我是ML的初学者。问题是我的训练和测试数据在不同的文件中,并且长度不同,因此我得到以下错误:
Traceback (most recent call last):
File "C:/Users/Ellen/Desktop/Python/ML_4.py", line 35, in <module>
X_train, X_test, y_train, y_test =
train_test_split(processed_features_train, processed_features_test,
labels, test_size=1, random_state=0)
File "C:\Python\Python37\lib\site-
packages\sklearn\model_selection\_split.py", line 2184, in
train_test_split
arrays = indexable(*arrays)
File "C:\Python\Python37\lib\site-packages\sklearn\utils\validation.py",
line 260, in indexable
check_consistent_length(*result)
File "C:\Python\Python37\lib\site-packages\sklearn\utils\validation.py",
line 235, in check_consistent_length
" samples: %r" % [int(l) for l in lengths])

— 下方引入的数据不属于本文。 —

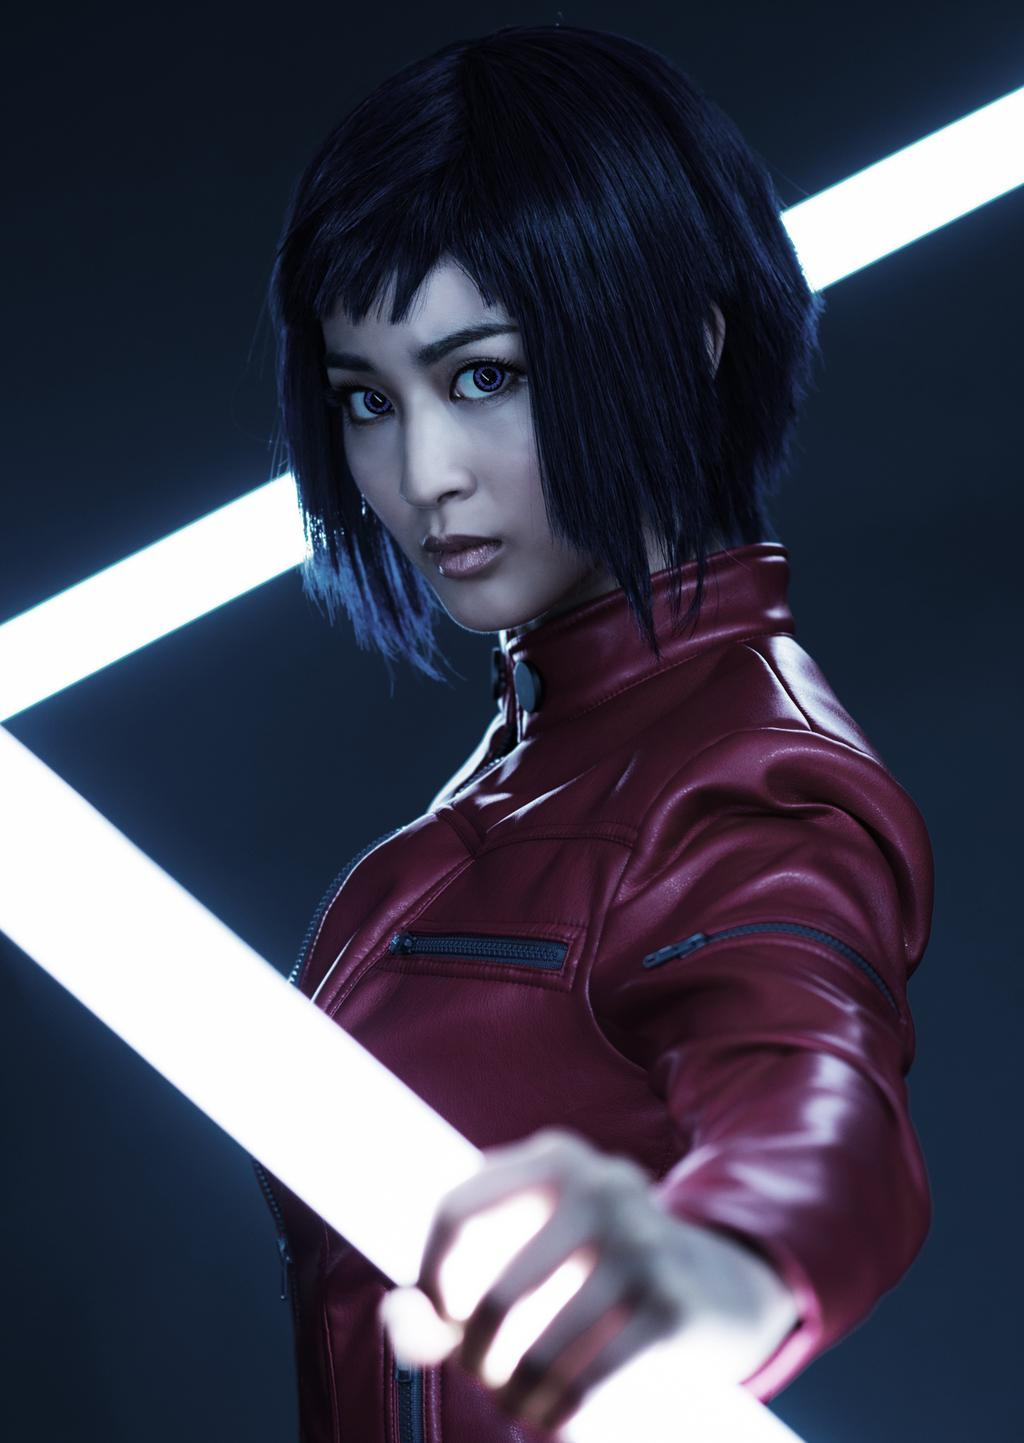 Motoko Kusanagi joué par Kaede Aono

ValueError: Found input variables with inconsistent numbers of samples:
[29675, 9574, 29675]
我不知道如何解决这些错误。下面是我的代码:
tweets_train = pd.read_csv('Final.csv')
features_train = tweets_train.iloc[:, 1].values
labels= tweets_train.iloc[:, 0].values
vectorizer = CountVectorizer(stop_words=stopwords.words('english'))
processed_features_train =
vectorizer.fit_transform(features_train).toarray()
tweets_test = pd.read_csv('DataF1.csv')
features_test= tweets_test.iloc[:, 1].values.astype('U')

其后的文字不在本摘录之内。